Classe I Glomeruli normali alla Microscopia ottica e depositi mesangiali alla Immunofluorescenza e Microscopia elettronica
Classe II Aumento della cellularità mesangiale e depositi mesangiali
Classe III Proliferazione focale e segmentaria o globale estesa a meno del 50% dei glomeruli in fase attiva (A) o cronica (C) (A, AC, C)
Classe IV Come la classe terza, ma coinvolge più del 50% dei glomeruli
Classe V Glomerulonefrite membranosa con depositi subepiteliali a distribuzione globale o segmentaria
Classe VI Lesioni sclerotiche estese a più del 90% dei glomeruli
Tabella 2: Classificazione istologica ISN/RPS nefrite lupica [25].

La classe V non presenta tipicamente manifestazioni cliniche o sierologiche tipiche del LES, con livelli di complementemia nella norma e autoimmunità negativa. La velocità di progressione a ESKD è lenta ma può associarsi a importanti complicanze correlate alla sindrome nefrosica quali eventi trombotici e infezioni [32]. La classe VI o di sclerosi avanzata è caratterizzata da glomerulosclerosi in più del 90% dei glomeruli, rappresenta lo stadio terminale dei processi infiammatori a carico dei glomeruli ed è associata a sedimento urinario inattivo, proteinuria di vario grado e progressione verso l’insufficienza renale [33].

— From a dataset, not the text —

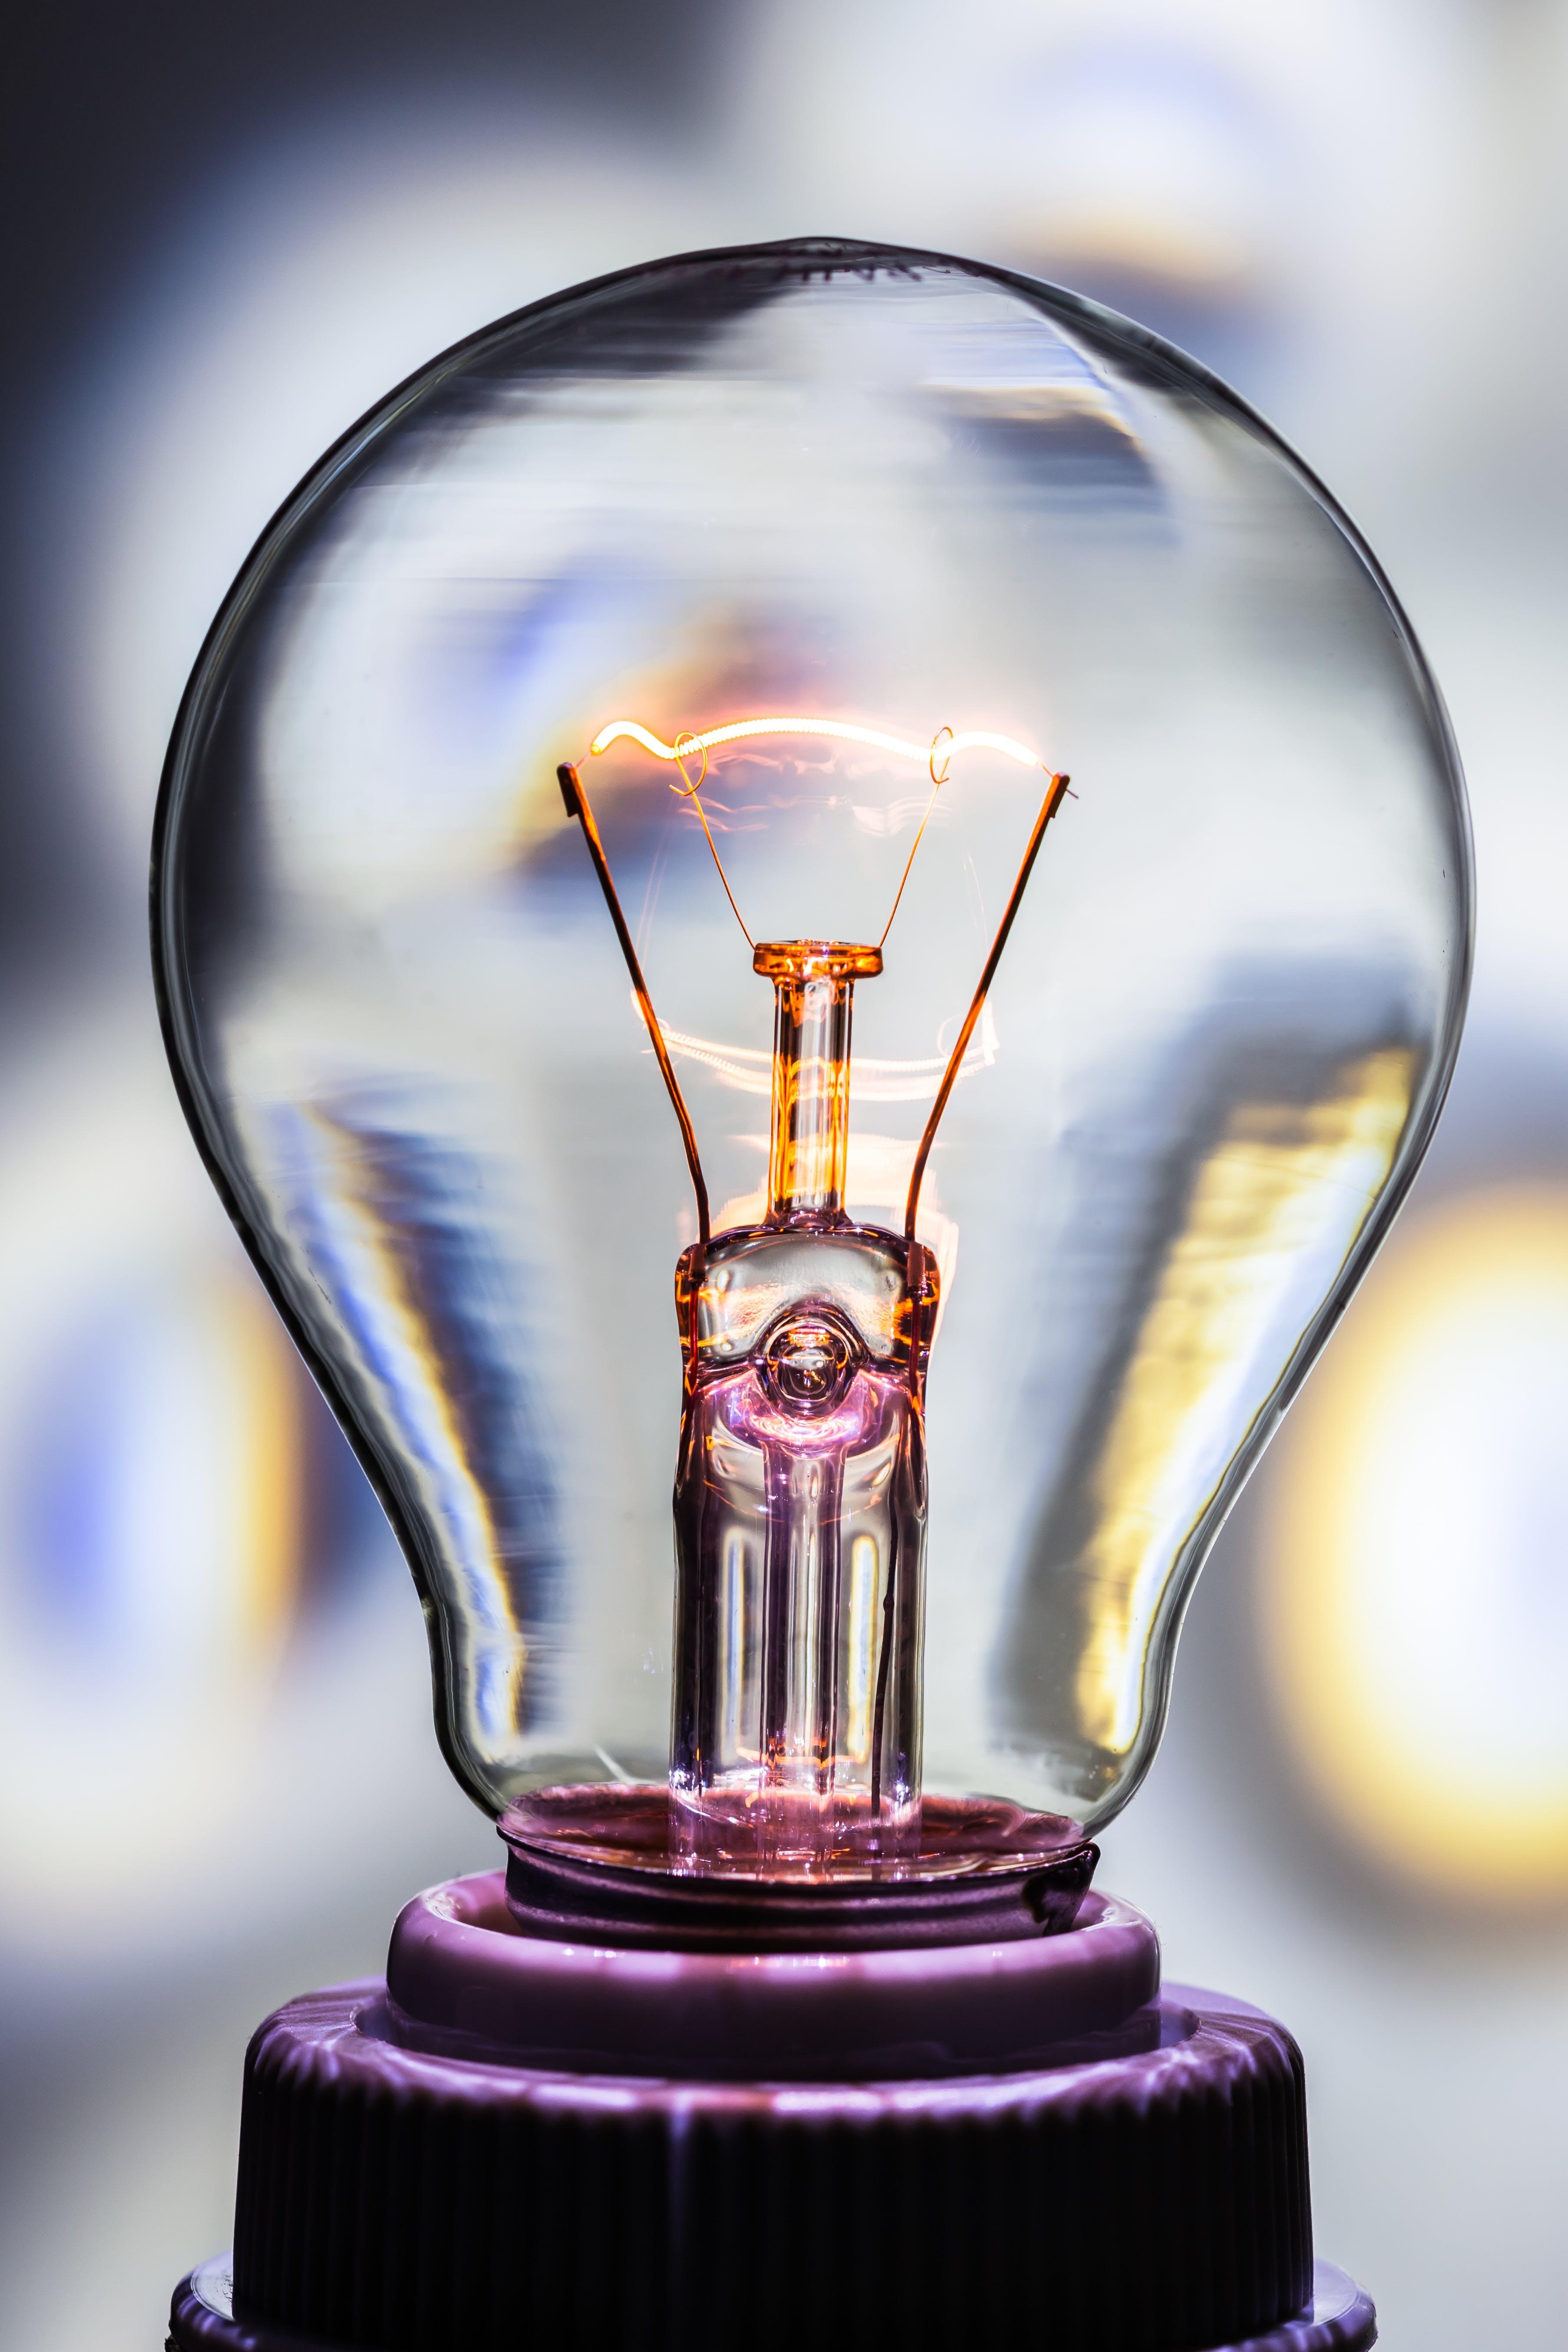 γλόμπος, ελαφρύς, ηλεκτρική ενέργεια

La revisione della classificazione del 2018 ha introdotto un indice di attività e cronicità di malattia in sostituzione delle precedenti lesioni attive e croniche delle classi proliferative e ha eliminato la precedente distinzione tra segmentale (S) e globale (G) delle classi III e IV [25]. È stato sostituito il termine ‘proliferativo’ con ‘ipercellularità’ e sono state introdotte definizioni di caratteristiche istologiche tipiche, quali la definizione di podocitopatia, intesa come presenza di fusione pedicellare alla ME anche in pazienti con lesioni minime alla MO, con o senza IC; quest’ultima si presenta con sindrome nefrosica ed è più facilmente associata a progressione a ESKD [34].

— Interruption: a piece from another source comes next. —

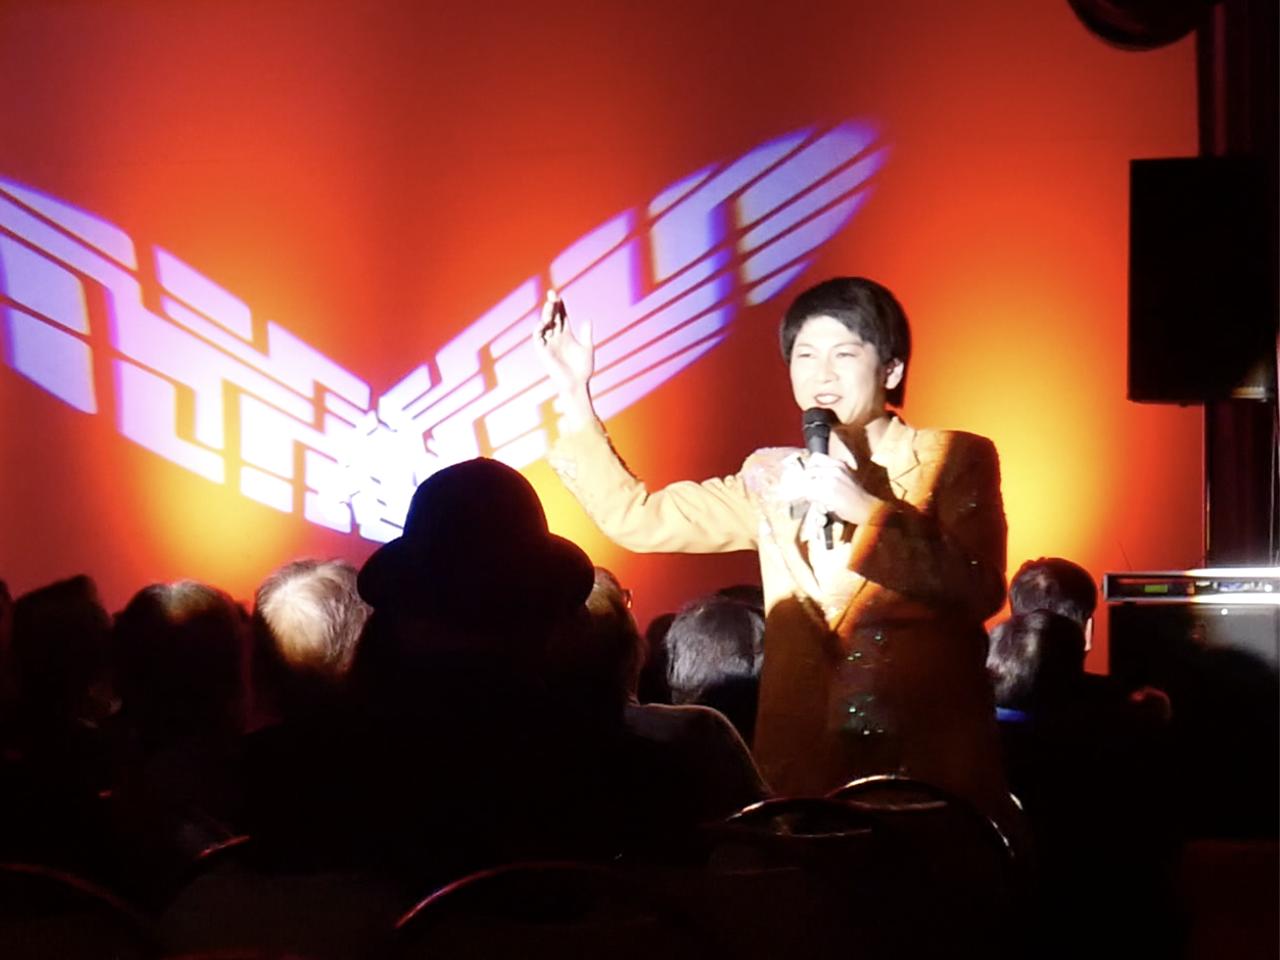 丸峰笑タイム 雪の会津でアツいステージ、たくさんのご来場に感謝よ!

Nella casistica italiana di 499 pazienti sopracitata, il 53,7 % dei pazienti presentava una glomerulonefrite proliferativa diffusa (classe IV) alla biopsia renale, il 22,8% una glomerulonefrite proliferativa focale (classe III), il 17,2% una nefropatia membranosa lupica (classe V) e il 4,4% una proliferativa mesangiale (classe II) (Figura 2). L’analisi istologica nei gruppi non ha mostrato differenze in termini di classi istologiche e di attività di malattia nei tre periodi, ma si è riscontrata una significativa progressiva riduzione dell’indice di cronicità nei pazienti sottoposti a biopsia dal primo al terzo. Quest’ultimo dato, unito al fatto che i pazienti biopsiati dal 2001 al 2016 presentavano più frequentemente anomalie urinarie isolate al momento della biopsia, conferma l’importanza della diagnosi precoce in termini prognostici [15].

Una seconda biopsia renale è indicata in caso di peggioramento della funzione renale, importante aumento della proteinuria o comparsa di sedimento urinario attivo oltre che in caso di non risposta al trattamento [35]. In un recente studio l’indicazione alla rivalutazione istologica potrebbe essere utile per guidare la sospensione della terapia immunosoppressiva [36].

Classe istologica alla biopsia renale dei 499 pazienti con nefrite lupica
Figura 2: Classe istologica alla biopsia renale dei 499 pazienti con nefrite lupica, diagnosticati tra il 1970 e il 2016.

 

Trattamento

L’approccio terapeutico nella NL è guidato dai dati clinico-istologici, in particolare non solo dalla classe istologica ma anche dal grado di attività o cronicità di malattia (activity index) e dalla presenza di lesioni alla biopsia renale, quali l’interessamento tubulo-interstiziale o microangiopatia trombotica.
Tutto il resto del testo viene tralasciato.